Photovoltaikboom im Ruhrgebiet nimmt weiter Fahrt auf Die Energiewende zeigt sich in Bochum besonders deutlich auf den Dächern der Stadt. Immer mehr Hausbesitzer entscheiden sich für die Installation von Solaranlagen, um unabhängiger von steigenden Strompreisen zu werden. Das Ruhrgebiet entwickelt sich dabei zu einer Vorzeigeregion für erneuerbare Energien.

 

Die Stadtwerke Bochum verzeichnen eine stetig wachsende Nachfrage nach Beratungen zur Solarenergie. Besonders in den Stadtteilen Wattenscheid und Langendreer sind die blau schimmernden Module mittlerweile ein gewohnter Anblick. Doch mit der wachsenden Zahl der Anlagen offenbart sich ein Problem, das viele Besitzer unterschätzen: Die Module verlieren durch alltägliche Verschmutzungen erheblich an Leistung. Auch Altbauten mit unterschiedlichen Dachformen bieten geeignete Flächen, sofern Statik und Dachhaut intakt sind. Viele Eigentümer optimieren Ausrichtung und Verschattung, um den Tagesverlauf besser zu nutzen. Beratungsangebote der Stadt und regionale Handwerksbetriebe unterstützen bei Planung und Genehmigungen, wodurch Projekte zügig umgesetzt werden können. Mit der wachsenden Verbreitung steigt zugleich das Bewusstsein, dass Betrieb und Pflege ebenso wichtig sind wie die Anschaffung.

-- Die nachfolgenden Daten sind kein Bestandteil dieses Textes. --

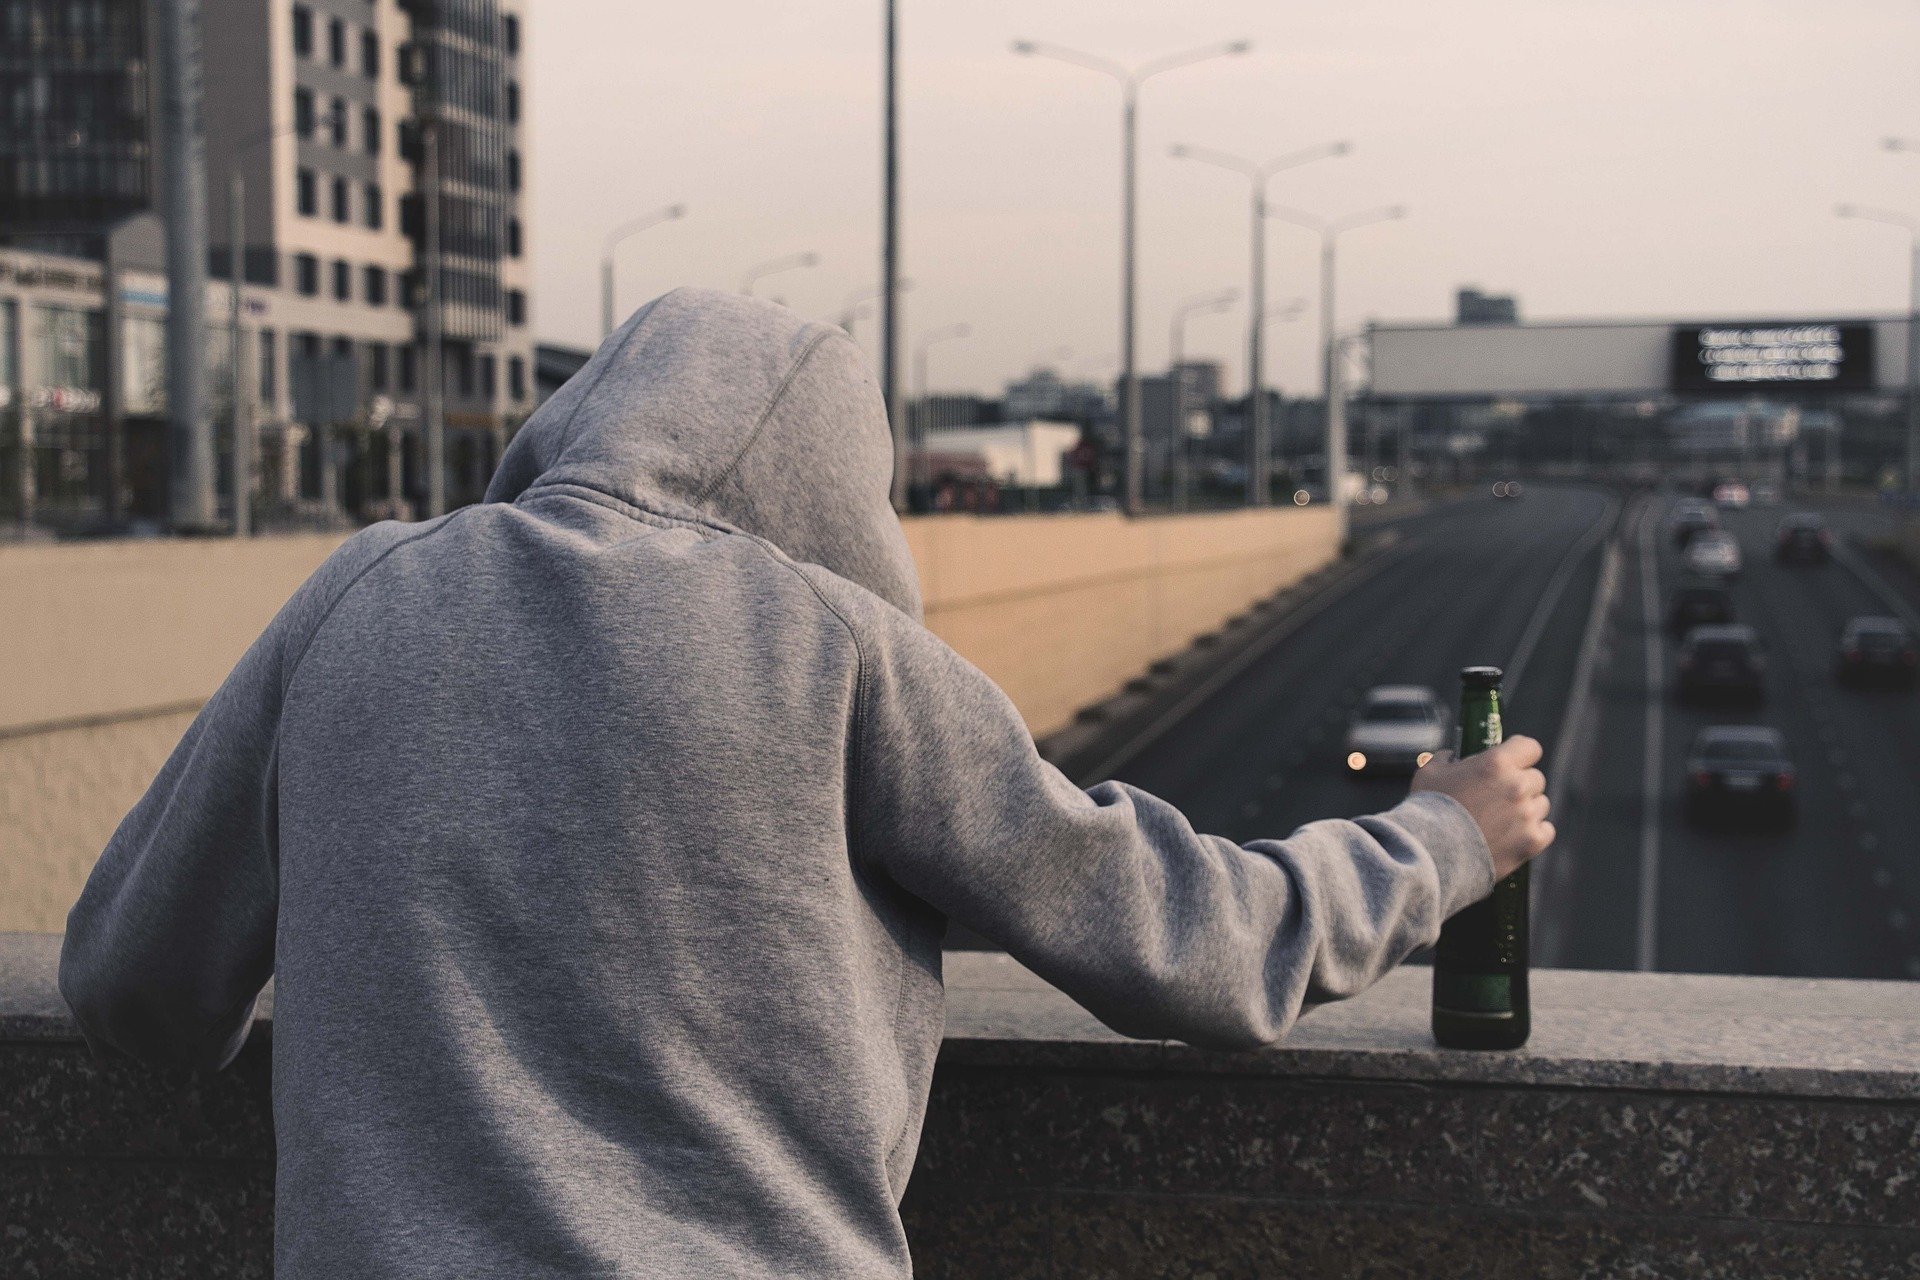 Bộ Lao động đã đặc biệt nhắc nhở người dân “nếu lái xe thì không được uống rượu bia, uống rượu bia thì không nên lái xe”. (Nguồn ảnh: kho ảnh Pixabay)

Unsichtbare Leistungsfresser auf dem Dach

Staub, Pollen und Vogelkot sind die natürlichen Feinde jeder Solaranlage. Was für das bloße Auge oft kaum sichtbar ist, kann die Stromproduktion empfindlich beeinträchtigen. Bereits eine dünne Staubschicht reduziert die Leistung spürbar, während hartnäckige Verschmutzungen durch Vogelkot einzelne Module komplett lahmlegen können.

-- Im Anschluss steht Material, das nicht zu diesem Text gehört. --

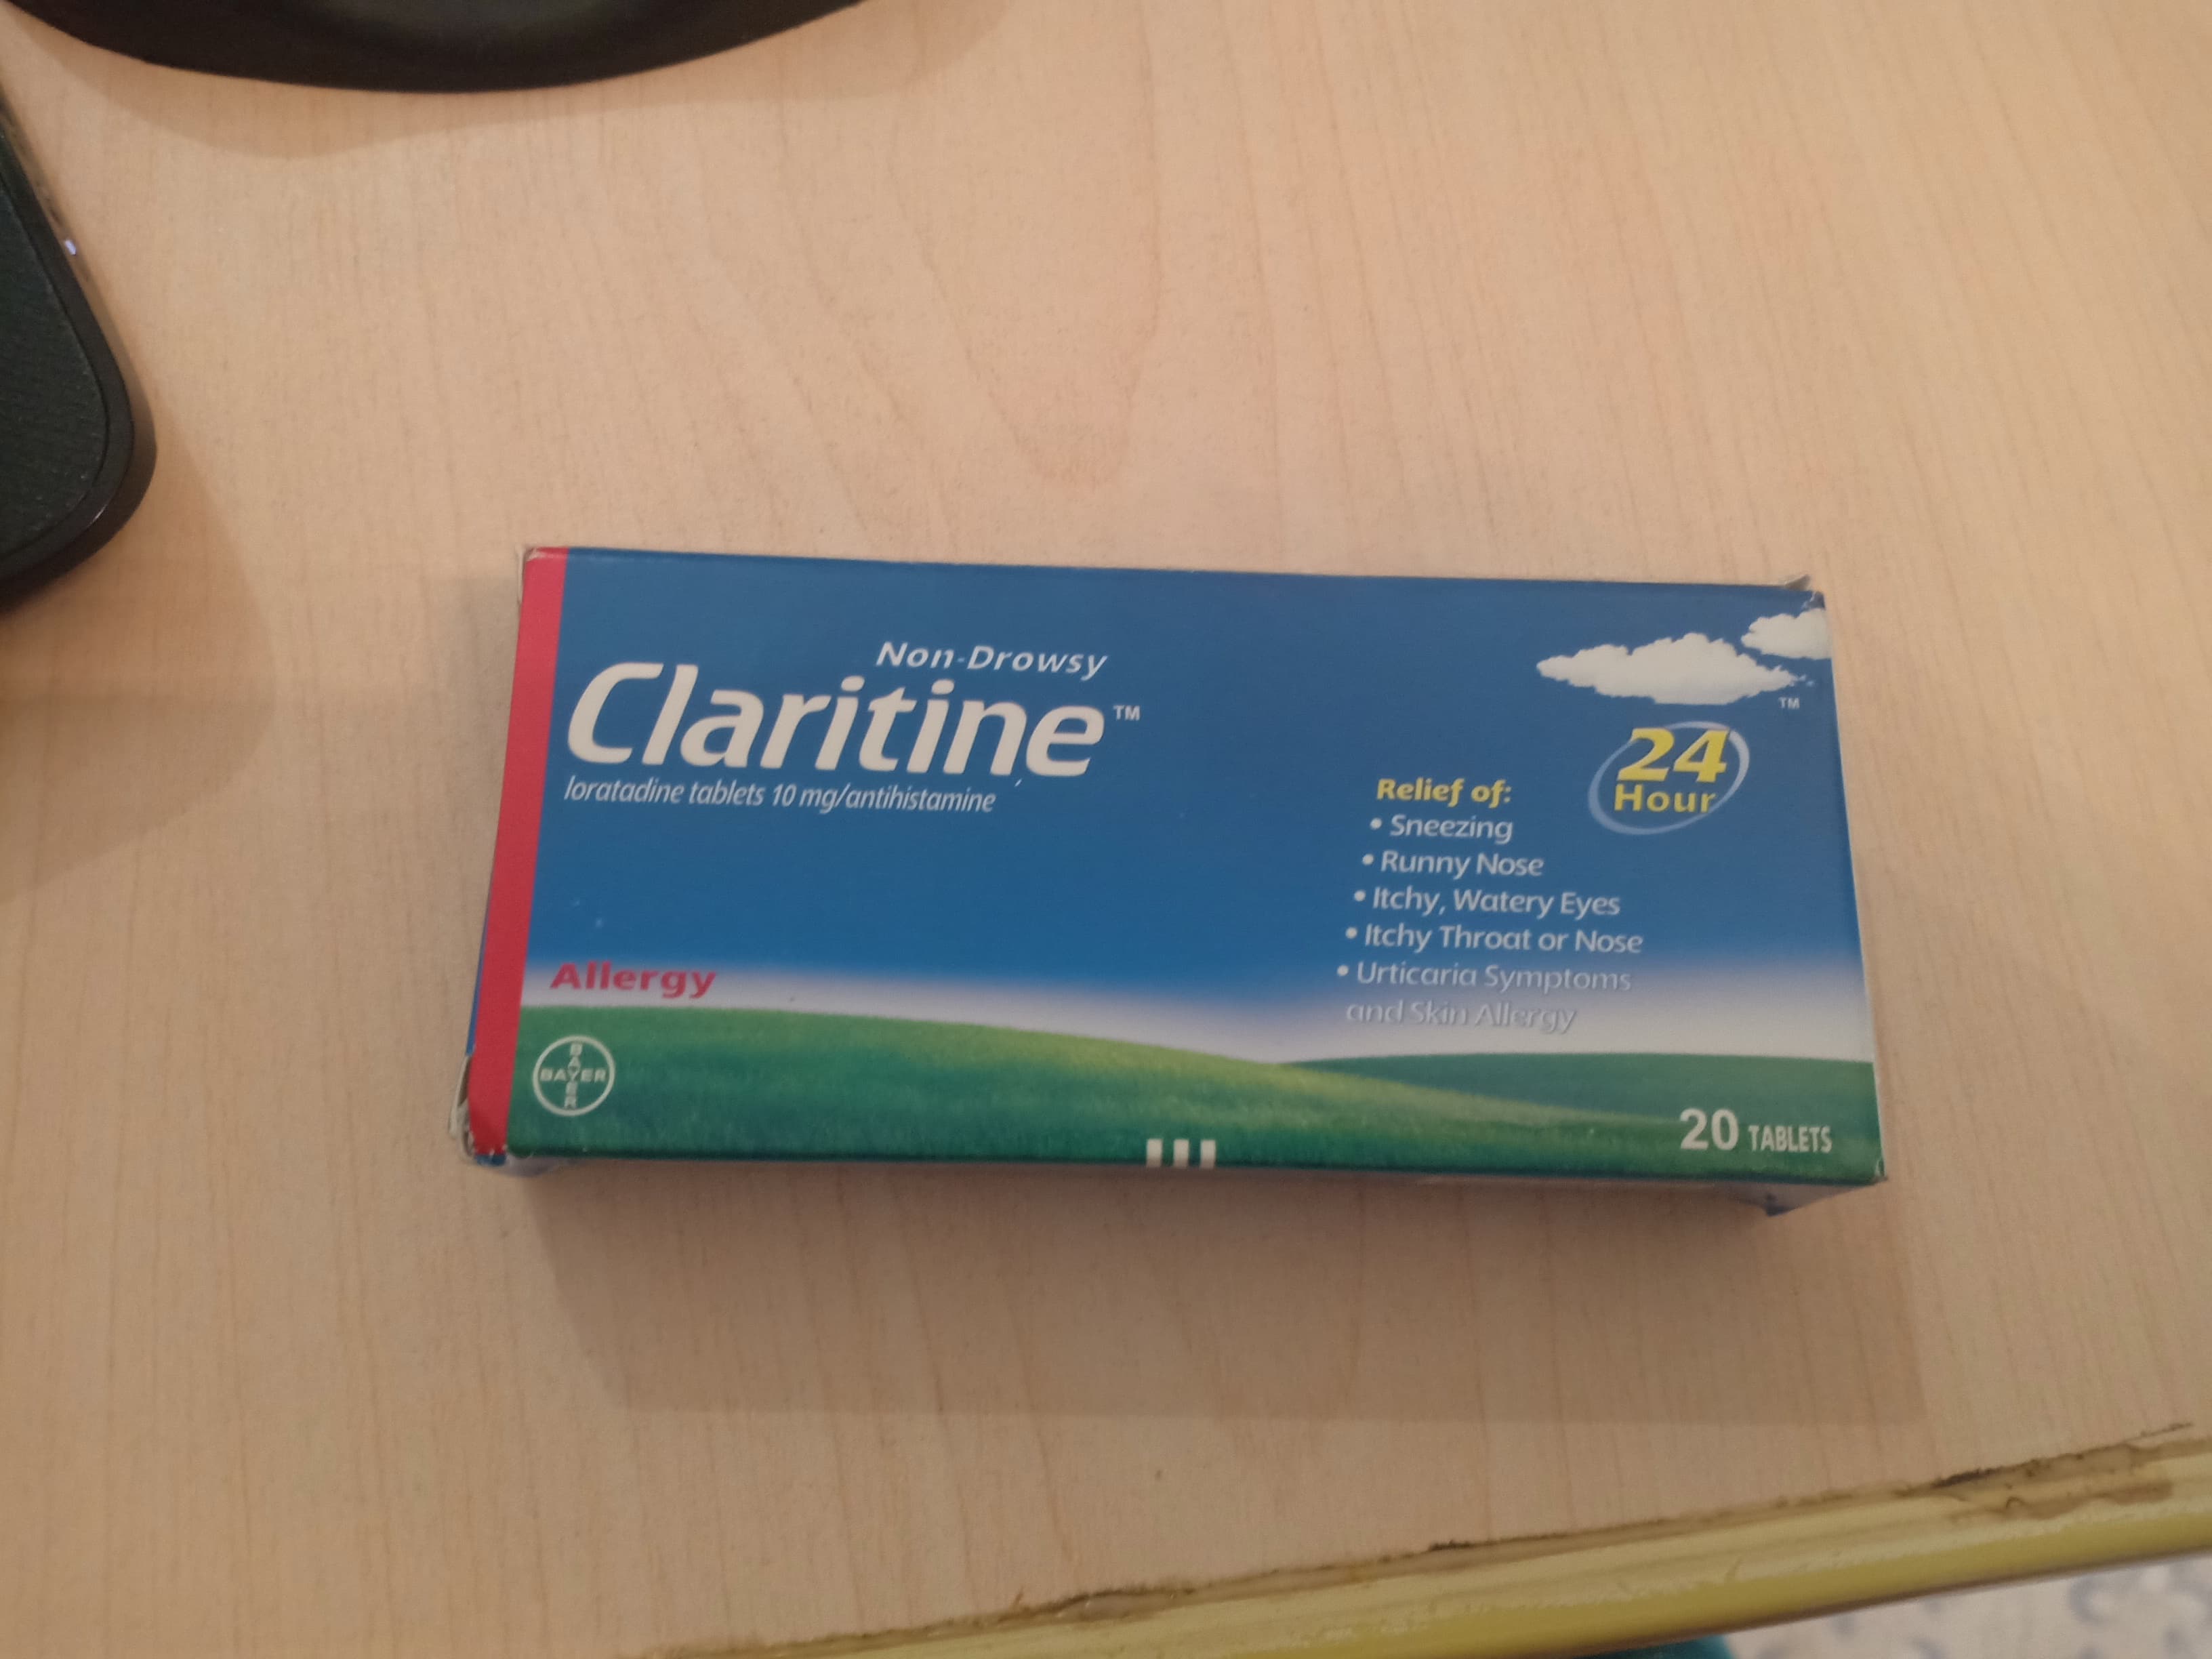 دواء كلاريتين Claritine

Besonders in Bochum, wo Industrie und Natur aufeinandertreffen, sammeln sich verschiedenste Ablagerungen auf den Modulen. Die Nähe zu Verkehrswegen und die typischen Wetterlagen des Ruhrgebiets begünstigen eine schnelle Verschmutzung. Viele Anlagenbesitzer bemerken die schleichende Leistungsminderung erst, wenn die Stromrechnung trotz Solaranlage höher ausfällt als erwartet. Dabei ließe sich dieser Verlust durch regelmäßige Wartung vermeiden. Laub und Blütenstaub sammeln sich bevorzugt an Rahmenkanten und bilden mit Feuchtigkeit einen Film, der das Glas langfristig anraut. An stark befahrenen Straßen lagern sich zudem Rußpartikel ab, die das Licht streuen. Selbst kleine Verschattungen durch Schmutzränder können Reihenschaltungen ausbremsen, weil das schwächste Modul den Stromfluss begrenzt.

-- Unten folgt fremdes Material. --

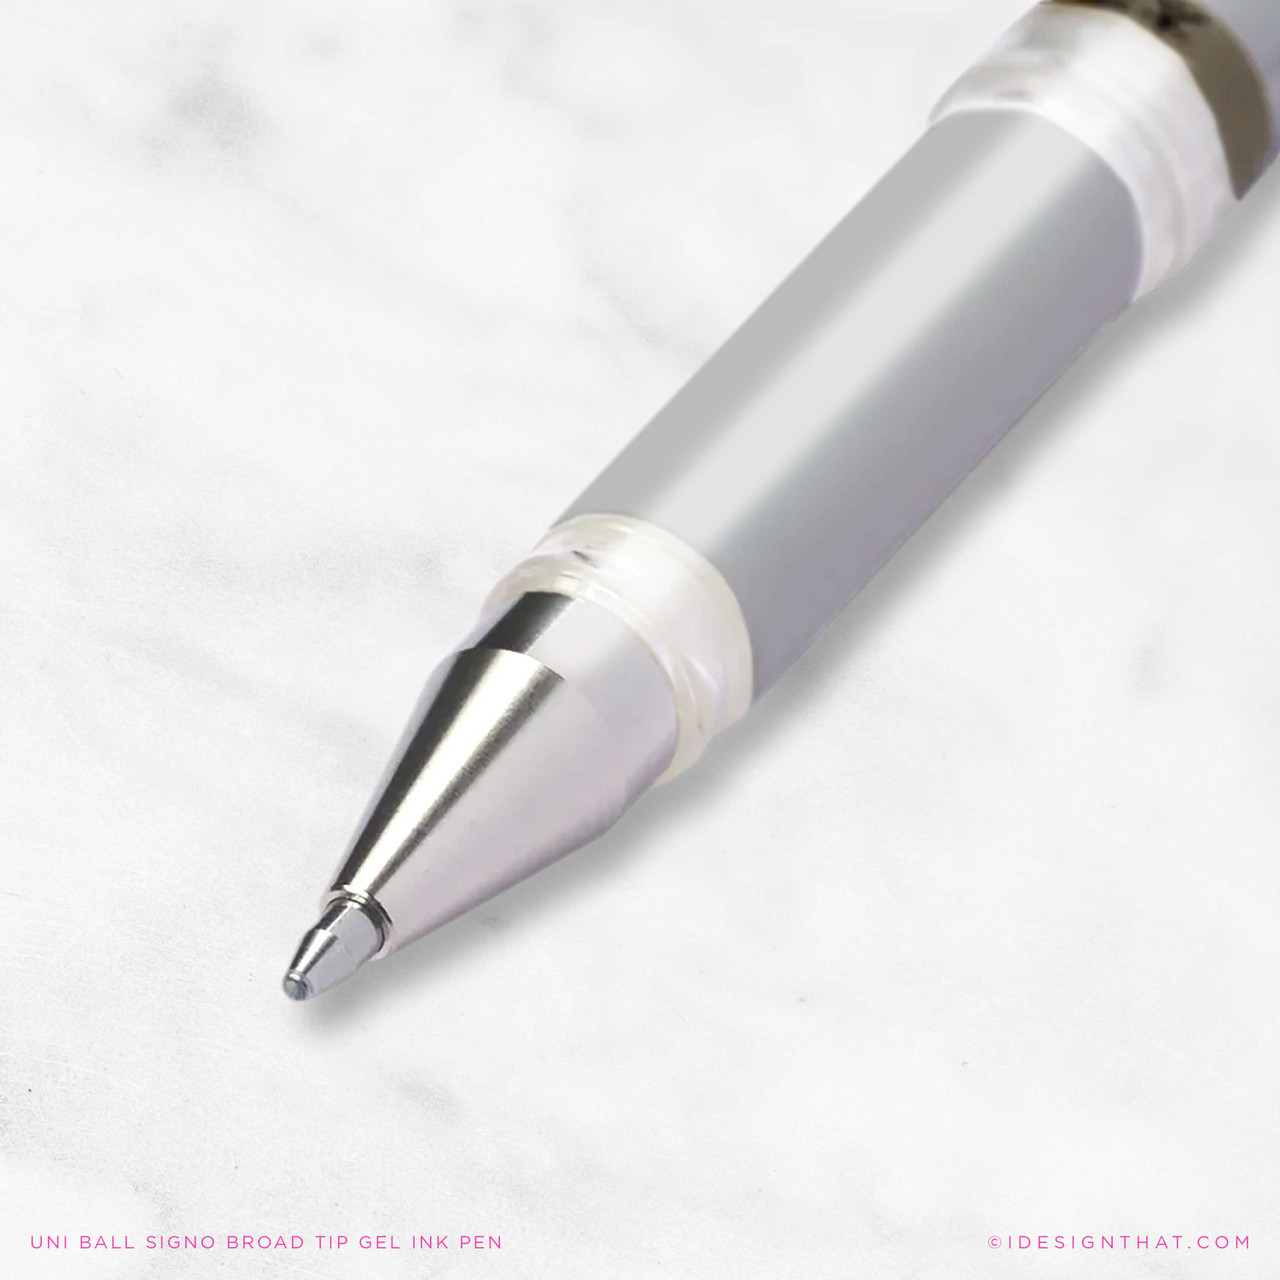 Silver Ink Pen

Warum Regenwasser allein nicht ausreicht

Ein weit verbreiteter Irrglaube unter Solaranlagenbesitzern ist, dass Regen die Module ausreichend reinigt. Tatsächlich kann Regenwasser lose aufliegende Partikel wegspülen, doch gegen hartnäckige Verschmutzungen ist es machtlos. Gerade in den Sommermonaten, wenn die Solarerträge am höchsten sein sollten, fehlt oft der reinigende Niederschlag.